President Ben-Zvi today completed his round of talks with representatives of Israel’s political parties and asked Prime Minister David Ben-Gurion to undertake the task of forming a new Government.
The President met yesterday with leaders of Mapai, Herut, the Liberals, Mapam, Achdut Avodah and the religious group. He expressed a wish for a prompt formation of a new Cabinet and thus end the current caretaker Government now in its seventh month.
Parallel with the presidential consultations, a Mapai committee headed by Finance Minister Levi Eshkol began talks with other parties for a coalition headed by Mr. Ben-Gurion. Three of the Mapai party’s partners in the outgoing coalition–the Liberals, Mapam and Achdut Avodah–went on record as favoring a reconstitution of the former coalition, together with the National Religious party but with the condition that Mapai forego a majority in any new government.
Pointing to Mapai’s loss of six seats in the Knesset, Israel’s Parliament, in the August 15 election, the three parties argued for proportional representation in the distribution of Cabinet portfolios. Mapai lost five seats in the voting and one seat resulting from the loss of an Arab affiliate list.
The National Religious party told the Mapai negotiators that it would not insist on Mapai yielding its customary majority in a new Cabinet, but that it favored widening the coalition to include Herut as well as the ultra-Orthodox Agudas Israel. Herut has never been represented in an Israel Cabinet.

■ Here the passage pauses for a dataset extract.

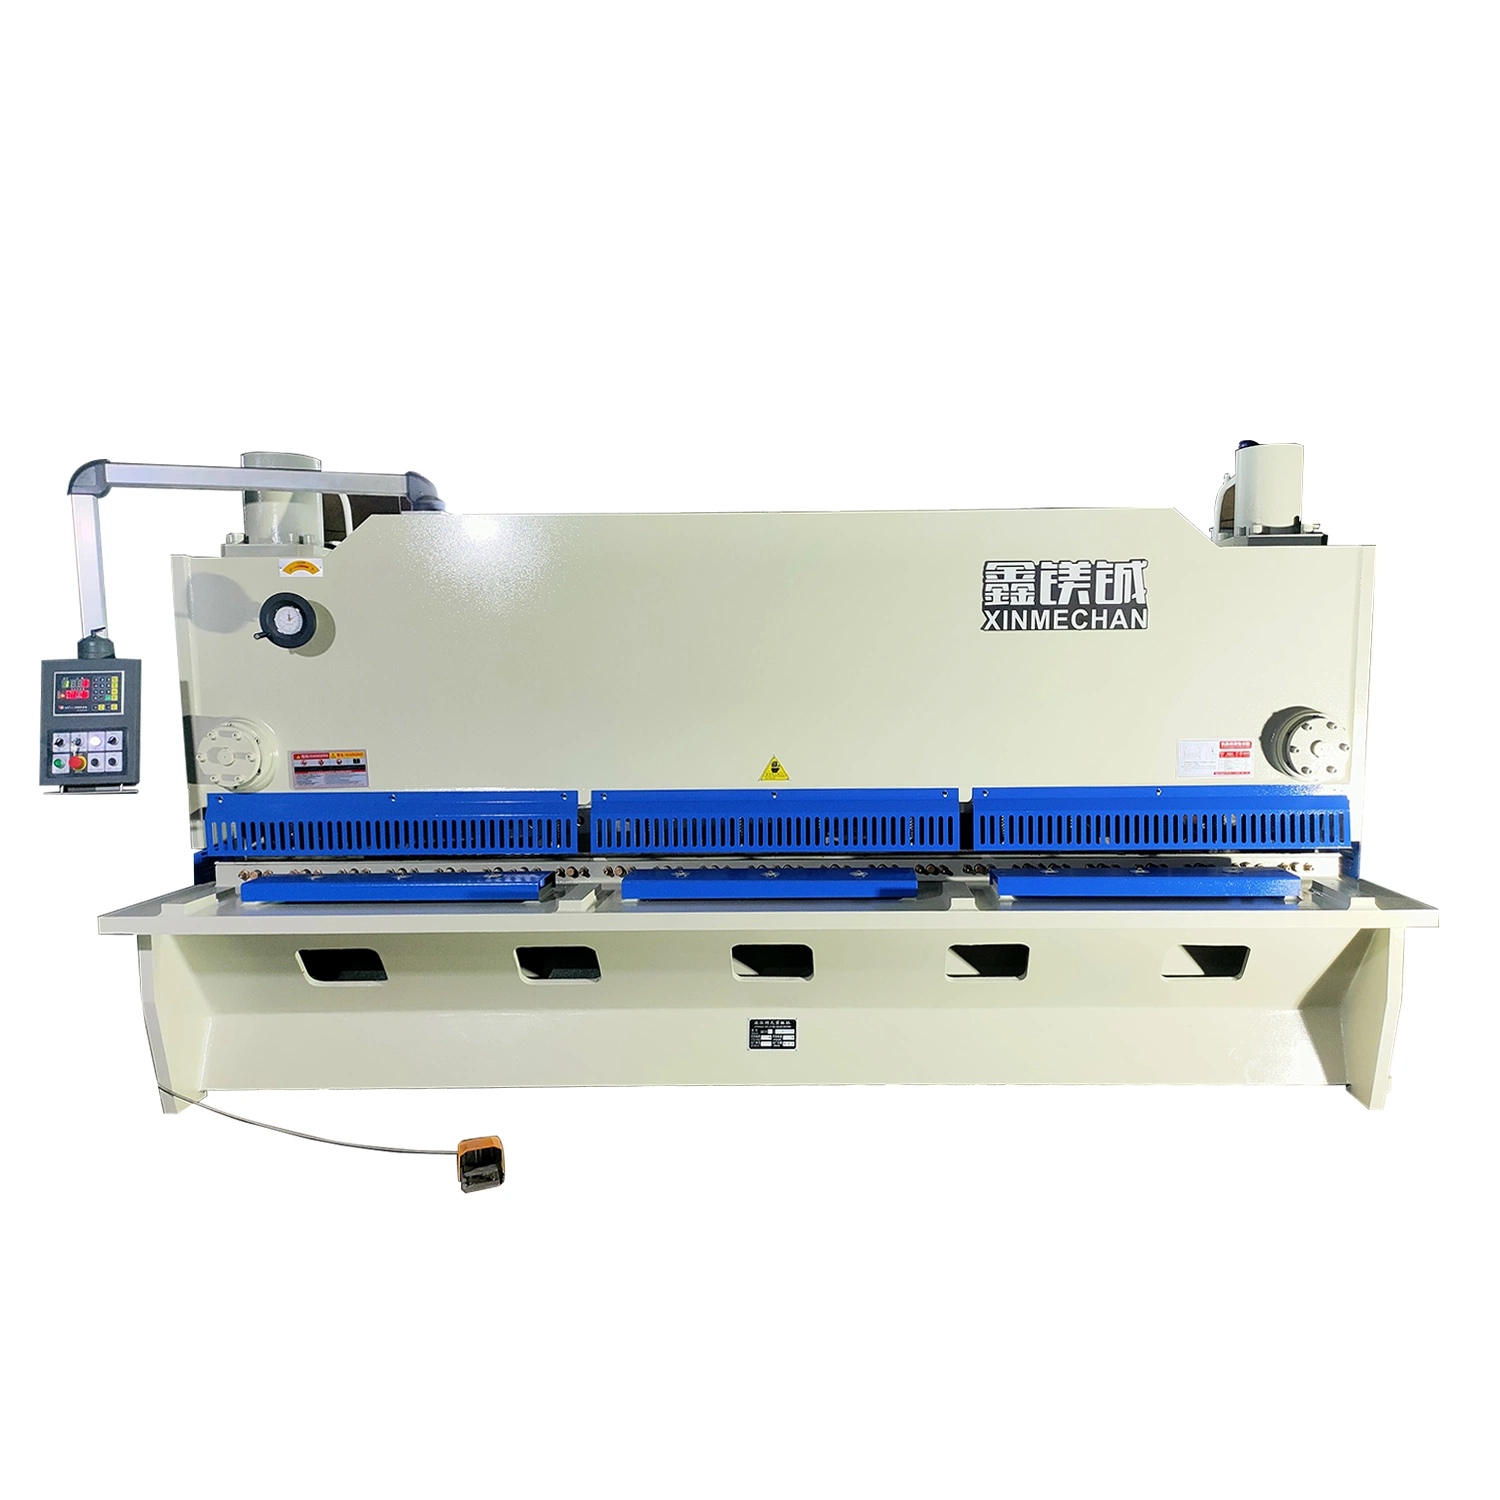 CNC Guillotine Hydraulic Press Cut Machine for Shearing 25thick Aluminum Alloy Steel Plate Sheet

It was generally believed that Mapai would refuse to yield on its demand for a Cabinet majority and instead would prefer to take the risk of a narrow coalition to include all the religious parties. This arrangement would add four seats from Mapai’s Arab affiliates, 12 from the National Religious Party, four from Agudas Israel, and two from Poale Agudas Israel, the Orthodox labor party, to Mapai’s 42 seats for a slender majority of 64 of the Parliament’s 120 seats.
Agudas Israel, which fell short 94 ballots from a fifth seat, gave notice meanwhile that it would challenge the results at two polling places, one in Tel Aviv and one in Jerusalem. Party officials charged that “irregularities” in Tel Aviv deprived them of a fifth seat which went to the Liberals and they demanded a recount of the Jerusalem polling station results which were invalidated on a technicality by the Central Election Committee.
Since the party’s strength is greatest in Jerusalem, a successful appeal on either challenge would make the united religious bloc a more potent factor in any considerations of a narrow coalition. The appeal will be brought before the Knesset which is the only body authorized to act in ballot disputes. If a Knesset majority sustains the appeal and if the disputed ballots actually turn out to be for the Agudas Israel, the Liberals will lose one of their 17 seats.